Brighton, one of our guides, explained that he is from the local village and said that school up to grade 6 is compulsory, but because there is not always a high school in very village, students are selected on achievement to further their studies. He said that it means you work hard to earn the opportunity to receive a high school education, which entails a government-funded boarding school. He elaborated that he went through the school system and worked extremely hard as it is a privilege to go to high school in the rural areas. It is all based on hard work and commitment.

One thing we have noticed in the rural areas is that villages are spotless. Chris, the manager at Kasanka Trust clarified it by explaining that most of the rural areas are under tribal authority. However, the chiefs are usually adamant that villages be kept clean and they fine their subjects for littering. Chris told of some chiefs that he is aware of who insist on their subject building their own toilets as the environment should be preserved.  

Noticing all the bags of grain and even some charcoal being collected at the side of the national road, Boyd, who also participates in this scheme, explained that government makes seed available. They will then purchase the grain that a village has in excess of their own use. Incidentally, Zambia had a record 3.2-million ton crop in 2014 and Business Day of 23 March 2015 reported that Zambia planned to sell at least a third of its record maize crop to neighboring countries where drought and floods have destroyed its grain which served as staple food.  

Robert Guest, who wrote in the Shackled Continent (2005:p194) how the then Zambian president Levy Mwanawasa rejected American food aid during the famine in 2002, because the shipment of maize and soya that was sent was genetically modified and he refused to give his people 'poison.' Those of us who follow debates on healthy foods, will know about the controversy surrounding America's Monsanto, the world's largest suppliers of seed and the way they control the world through their genetically modified approach. Garry and I honor a president who holds the health of his nation as a priority, even in the time of drought.

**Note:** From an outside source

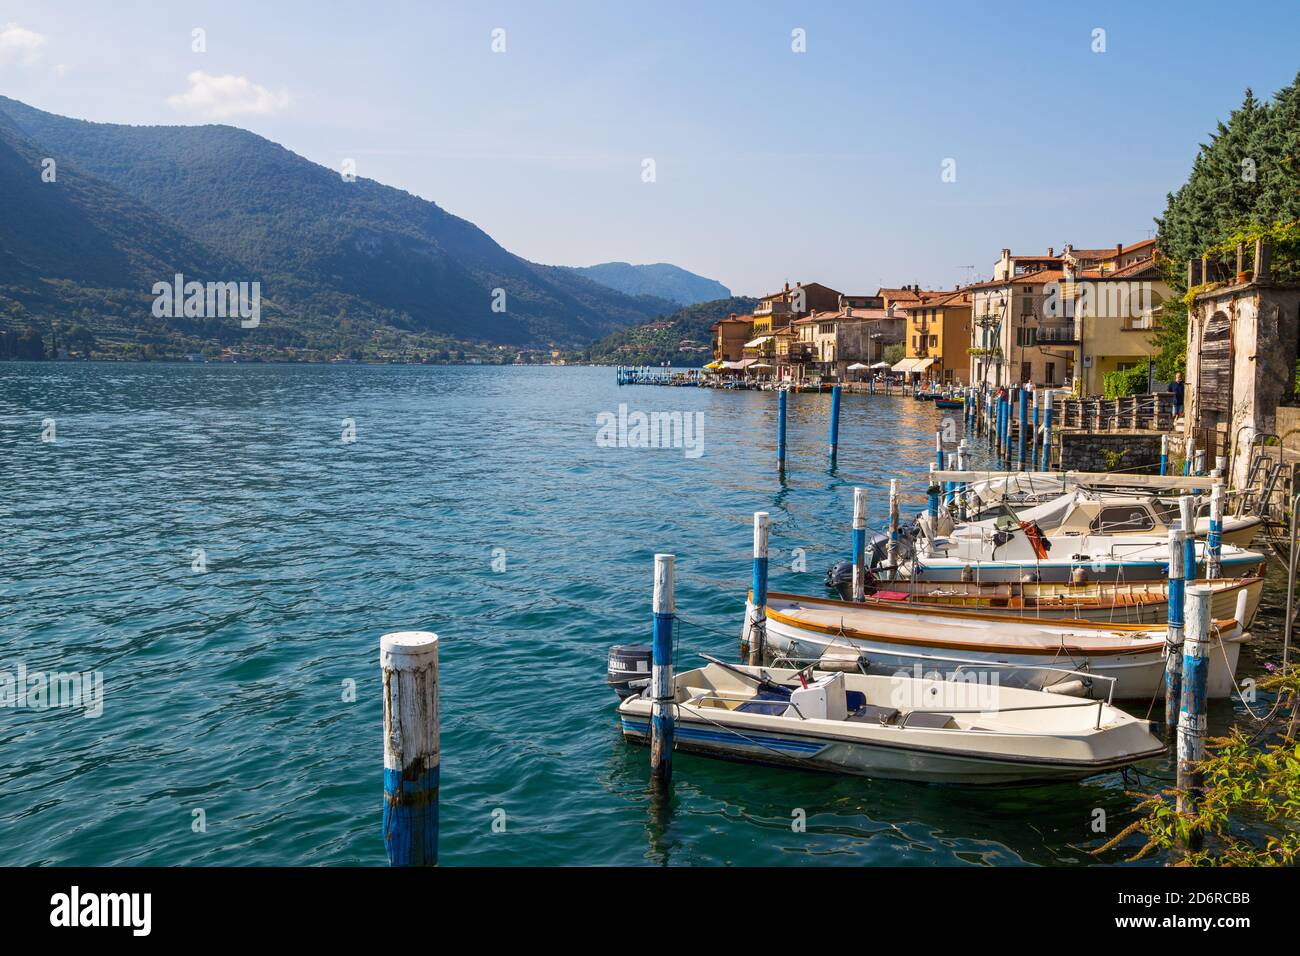 View of Monte Isola, Iseo Lake, Brescia province, Lombardy, Italy. Stock Photo

Beautiful sunrises and sunsets
Our trip was regarded as highly successful, as I saw my son who works in Lusaka and Garry saw a Shoebill, an endangered bird species of which there are only about 500 in the world. The Zambians hold this endangered bird in high regards as extensive research is conducted to learn about its habitat and behavior. We saw bird species we haven't seen before and the Bengweulu is also home to the Lechwe (a buck species) of which 75 000 are living on the plains around this 15,000 square kilometer wetland. Poaching is not tolerated in Zambia and Brighton explained that they have a program where poachers serving jail time are educated about the value of the environment in an attempt to change their behavior and to get them to understand why they are being punished.  


Dinner in Lusaka

The beautiful Shoebill
 It is often said that Africa is a continent of bribery and corruption. That may be true, but then bribery is not only limited to Africa, but is found in many other parts of the world. Speedy services may become speedier with a monetary reward, but in general Zambia enforces its laws. We saw that with the police presence on the national roads - not to trap people or extract bribes, but to calm the traffic in an attempt to lower the accident rate, considering this country's position as the through road that links all parts of Africa. So much traffic...huge trucks...but it showed us that Africa is hard at work.  It was a worthwhile holiday, one without the stress of theft, being harassed by beggars or encountering violence as this kind of behavior is not commonly part of the Zambian nation. We trust and pray that all the development and progress in Zambia will not change the essence of this nation, and that money and greed will not become their god as we have seen elsewhere on our beloved continent.